Dana Stevens: Every week it has a close-ended legal case. It might be Roy's, it might be Jamie's, it might be the two of them against each other. But, in addition, there is an uber case, like a damages ongoing case for episodes which the big finale has to do with that case. But every week you are going to see more twists and turns in the uber case, which is about Lee Anne Marcus suing the police department for sexual harassment because of the Terry McCandless character. There's all kinds of twists and scandals going on in the police department, going on in the city of Charleston. Why was Roy chosen at this moment to be city attorney? All these things are happening at the same time. You will have your moments of feeling like the bad guy got his comeuppance each week. Roy and Jamie have these other cases that they deal with, but you are also going to have that soap -opera satisfaction of you don't want to miss it, you don't want to miss next week when you see what you find out about a character that you didn't know. And then in terms of if we were renewed, we would continue to do the closed-ended cases and we would also have a new uber case that would still involve our cops, our lawyers. One of the things we've always felt is that this is a multi-franchise show. It's about cops and lawyers and we always say and the linchpin is sex.

Ian Sander: That was going to be my next line.

Dana Stevens: I beat you to it. It is a show like NYPD BLUE, which is about these cops and lawyers and how they interact constantly -- and then there are great guest stars. There is Deborah Monk, Kelly Rutherford...

Question: Why is Lee Anne suing for sexual harassment and wrongful termination rather than rape?

Dana Stevens: She doesn't have enough proof. We talk about it a lot of whether she could charge them with rape. She doesn't have the evidence. In the first two episodes, Jamie and Lee Anne sit together and talk about what is exactly going to be their strategy and what can they win. They search for clues or evidence that could give them the rape charge, but they don't have it.


Anna Wood as Jamie Sawyer and Cam Gigandet as Roy Rayder.
Photo Credit: Jackson Lee Davis/CBS

Question: Cam and Anna, in this series are you finally getting to show everything you know how to do? Does it feel a bit like a graduation for you?

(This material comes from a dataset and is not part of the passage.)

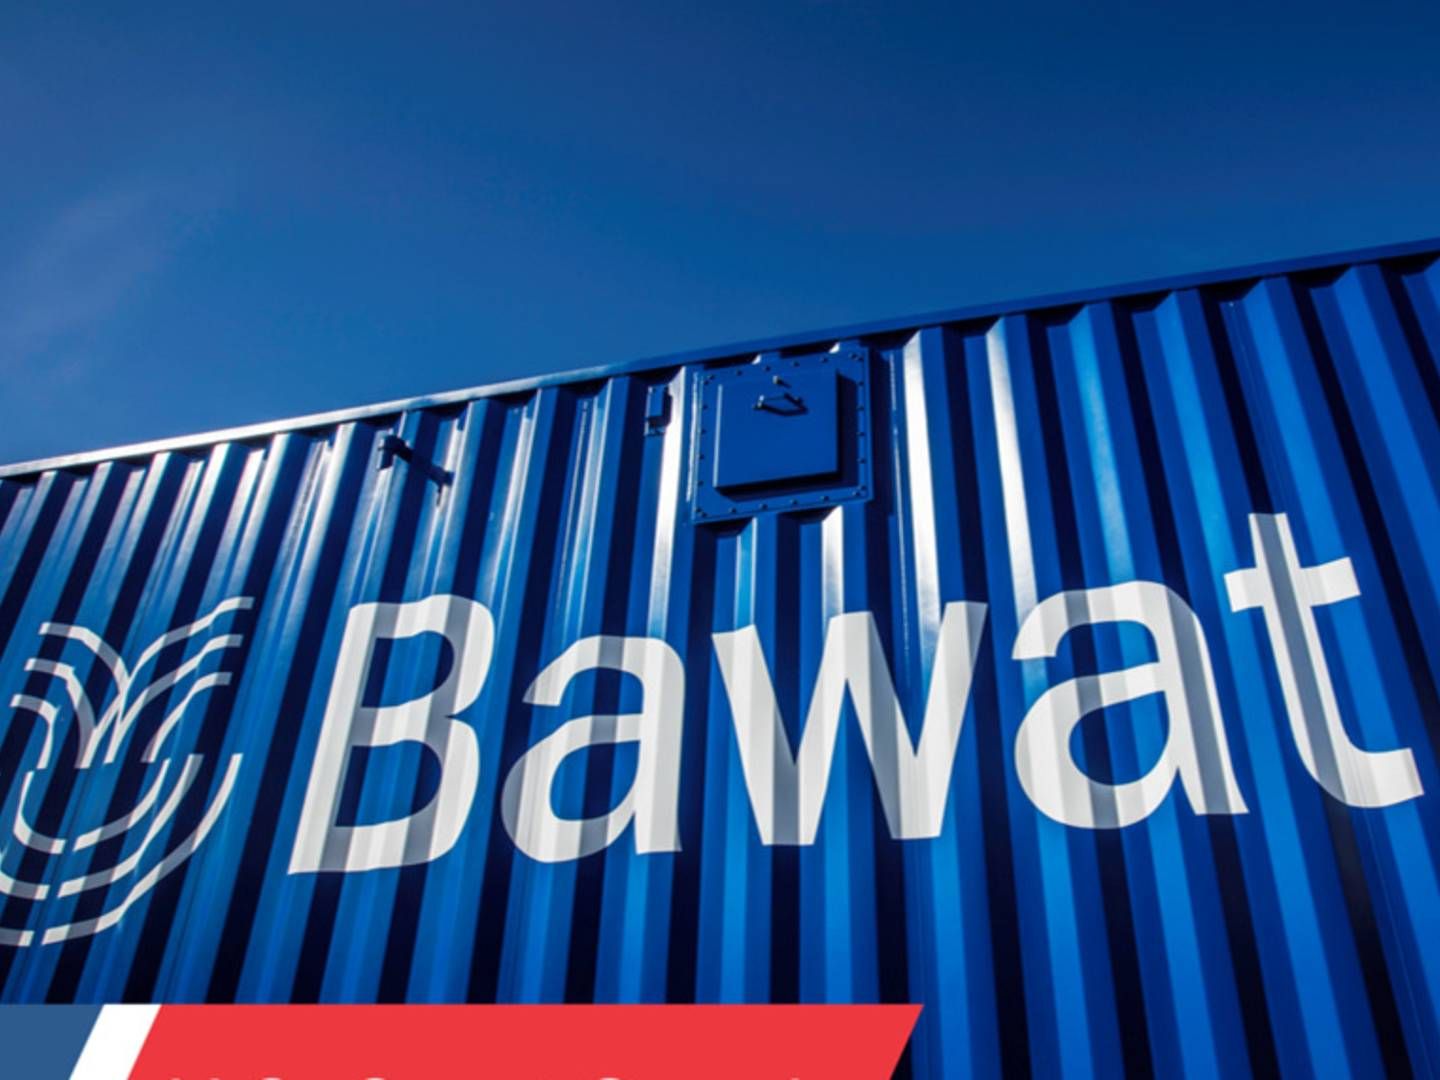 Bawat og Damen-koncernen indgik allerede i januar sidste år en distributøraftale. | Foto: Bawat

Cam Gigandet: No pressure.

Shawn Hatosy: Get your tweets ready.

Anna Wood: It does. It's been so thrilling to have this amount of work, to have this length in a person's life to tell that story. I, up until this moment, was popping in for a guest star here or there and just doing little fillers and being the guy that tells you this is what happened and just so you know and the audience knows, this is what happened. So it's been really thrilling to dig into a character, figure out how she ticks and then apply that week after week after week. It's like having a relationship. It's been really cool to collaborate with Dana and create this character and to feel like part of a team. It's been a total blessing and it's been absolutely thrilling.

Ian Sander: And you should know we saw, I would say -- and I wouldn't be exaggerating if I said we probably saw 100 different actresses, Dana, would you say?

Dana Stevens: Yes.

Ian Sander: She came in the room and went through the whole process, which you gotta know is not an easy process for actors, and she just won, it man. She just came in the room and owned it. It was just such a pleasure to find someone who did that. Actors are always nervous when they come in. They don't know we want them to be great and she was. When Cam walked in the room he walked out and I think we called CBS and said we got him. We got him and it was fantastic.

Cam Gigandet: It's true. And then there's also -- I mean working in television is such a different set of skills that you need and it's such a different way of storytelling. And us as actors, that is something that we strive for in terms of finding new ways to challenge us, new things that excite us and push us so we can keep striving to find out more about ourselves and pushing the limits and getting hot and steamy, hot and steamy, hot and steamy, hot and steamy, reckless, hot and steamy.


 

RECKLESS premieres on Sunday, June 29, 2014 at 9pm ET/PT on CBS.